题目:
You are a product manager and currently leading a team to develop a new product. Unfortunately, the latest version of your product fails the quality check. Since each version is developed based on the previous version, all the versions after a bad version are also bad.
Suppose you have n
versions [1, 2, ..., n]
and you want to find out the first bad one, which causes all the following ones to be bad.
You are given an API bool isBadVersion(version)

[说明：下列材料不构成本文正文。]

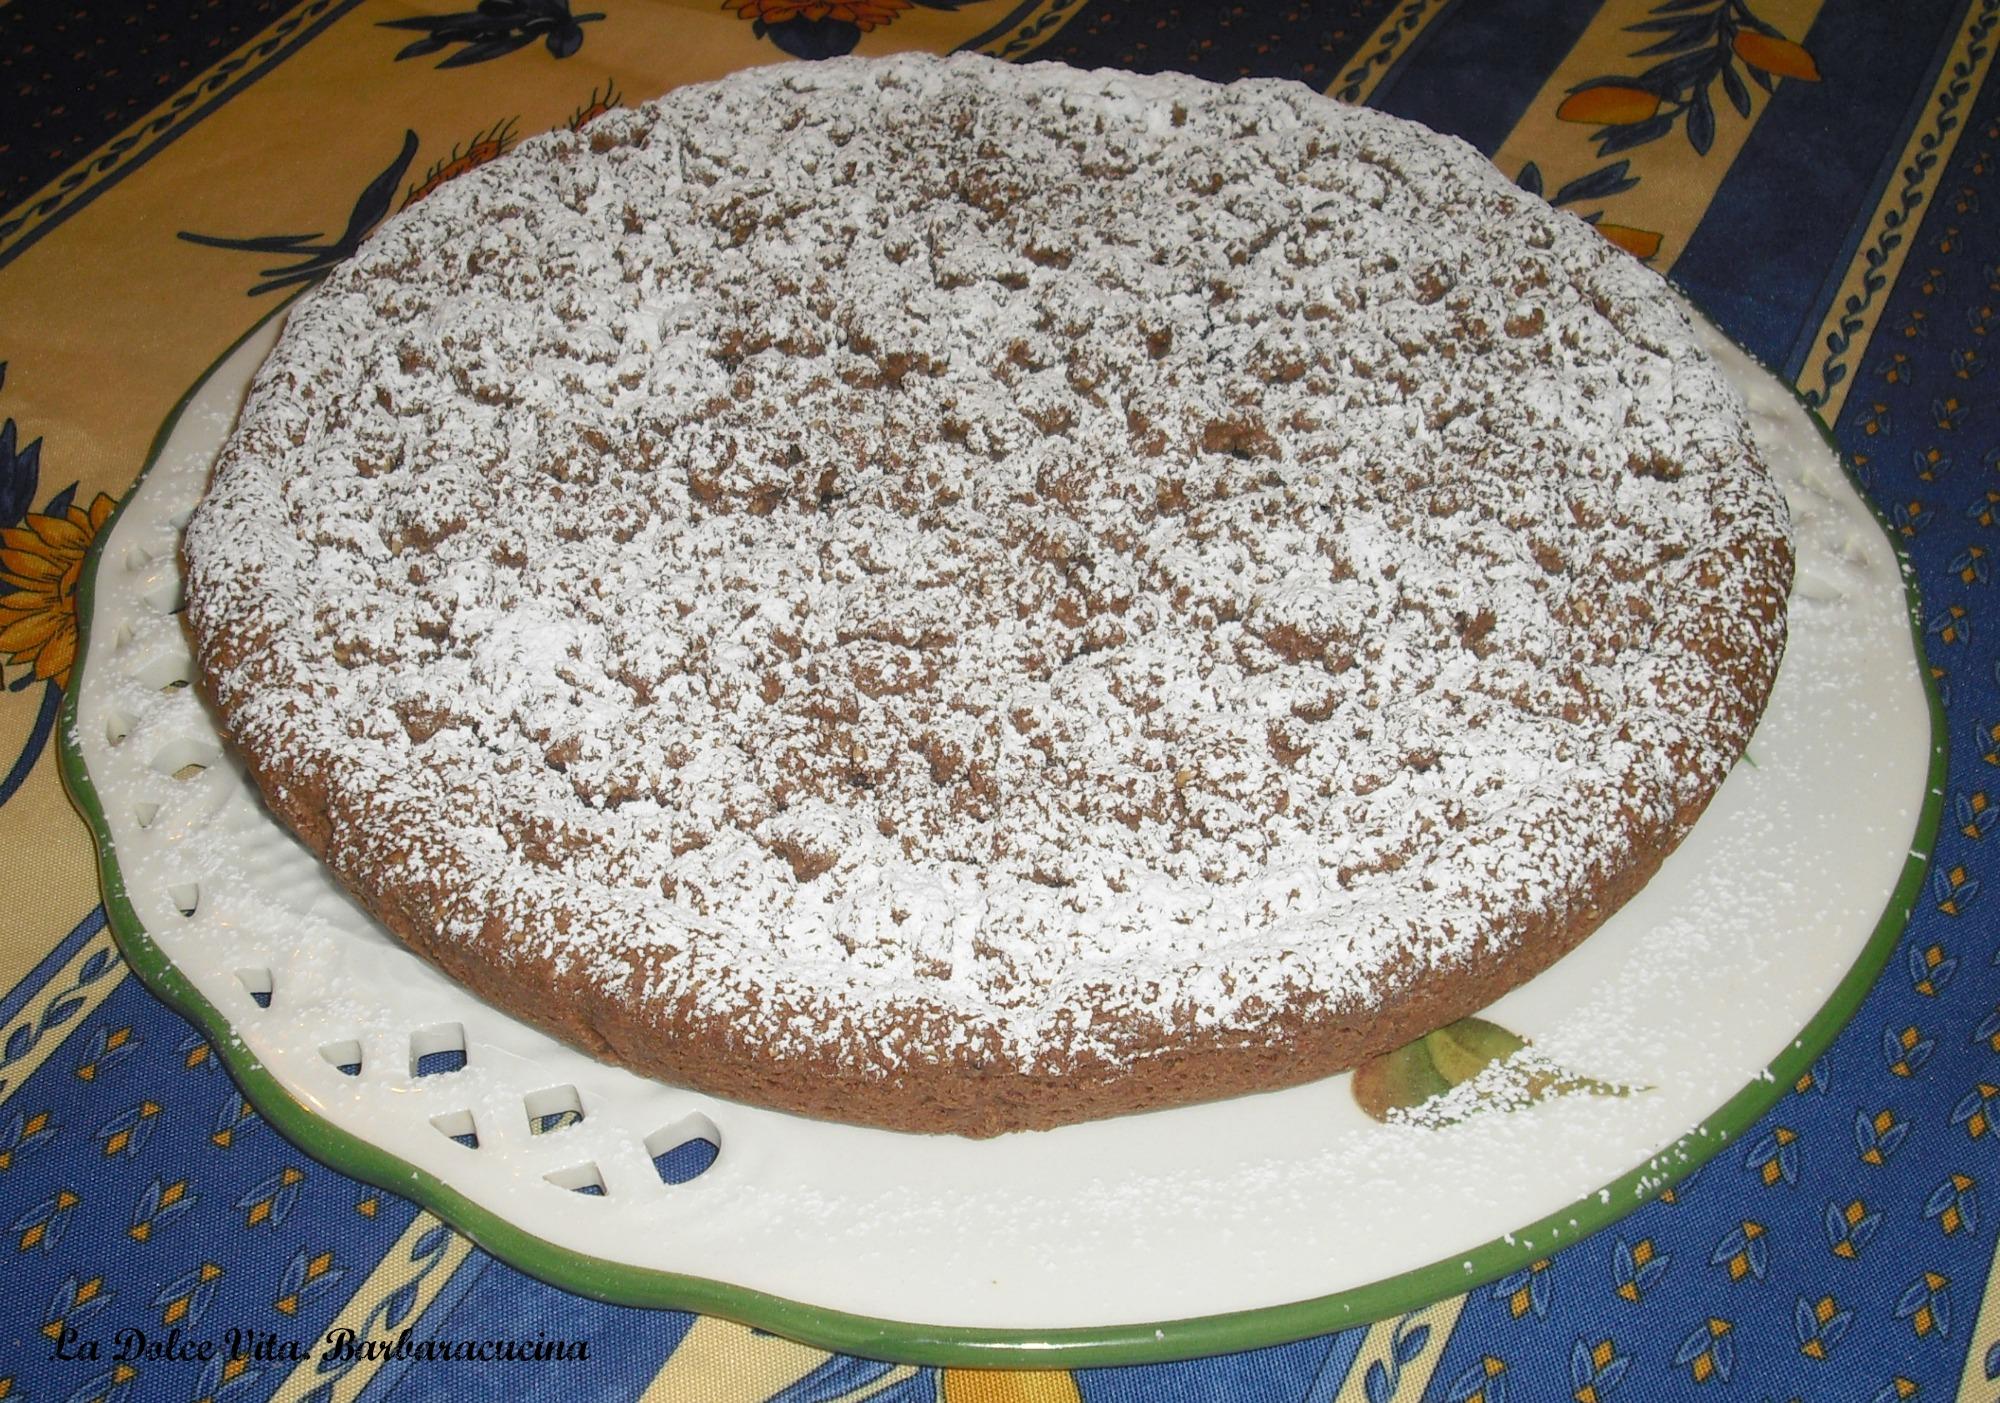 torta crumble alla nutella 2

which will return whether version
is bad. Implement a function to find the first bad version. You should minimize the number of calls to the API.
Example:
Given n = 5, and version = 4 is the first bad version.call isBadVersion(3) -> false call isBadVersion(5) -> true call isBadVersion(4) -> true Then 4 is the first bad version.
解法:
从头到尾搜索会超时,很容易想到二分法
/* The isBadVersion API is defined in the parent class VersionControl. boolean isBadVersion(int version); */ public class Solution extends VersionControl { public int firstBadVersion(int n) { int s = 1; int e = n; int m = 0; while(s<e) { m = s + (e-s)/2; if(isBadVersion(m)) e = m; else s = m+1; } return s; } }
PS: 这里的中点 m 等于 s+(e-s)/2 而不能是 (e+s)/2,这是个坑点,e+s可能会溢出int的范围,而得到错误的结果甚至是死循环。